When my eldest was first reading C.S. Lewis’s Chronicles of Narnia on his own (at around the age of 7), he encountered an ink illustration of the White Witch’s evil band drawn by Pauline Baynes. Cue the nightmares. He couldn’t go on reading, and every time he slept, he saw those creatures coming to life and pursuing him.



In the wee hours of one nightmarish encounter, I realized that I had two choices. On the one hand, I could begin sheltering him from every single thing that his rich imagination might magnify and enliven into terror. This was my protective paternal impulse, but it seemed as impossible as it was short-sighted. I would be facilitating the preservation of his fearfulness.



My characters live in worlds that are fundamentally beautiful and magical, just like ours, in worlds that are broken and brutal, just like ours.

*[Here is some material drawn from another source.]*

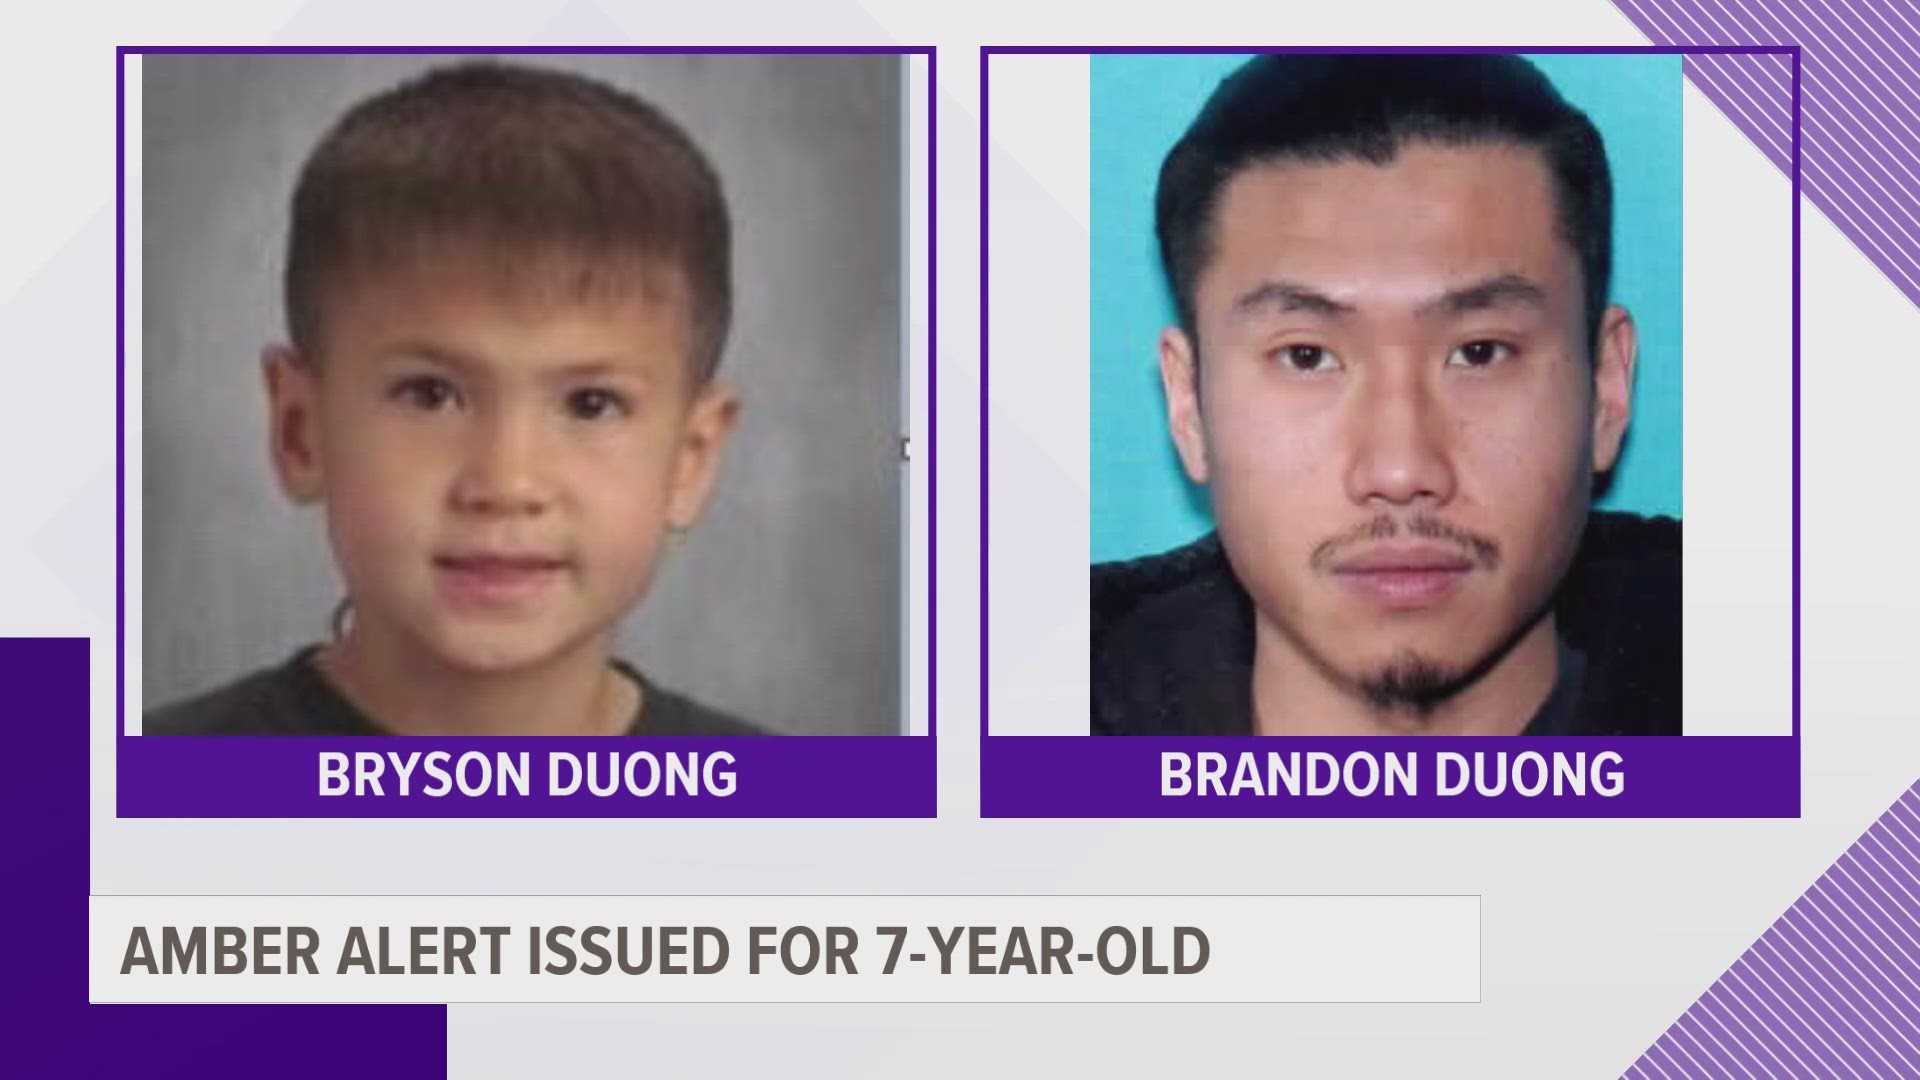 7-year-old Bryson Duong is believed to have been abducted by 34-year-old Brandon Duong.

My other course was to try and embolden his subconscious mind. I carried my son into my office and downloaded an old version of Quake—a first-person shooter video game with nasty, snarling aliens 10 times worse than anything drawn by Pauline. I put my son on my lap with his finger on the button that fired our pixelated shotgun, and we raced through the first level, blasting every monster and villain away. Then we high-fived, I pitched him a quick story about himself as a monster hunter, and then I prayed with him and tucked him back into bed. A bit bashfully, I admitted to my wife what I had just done—hoping I wouldn’t regret it.



I didn’t. The nightmare never shook him again.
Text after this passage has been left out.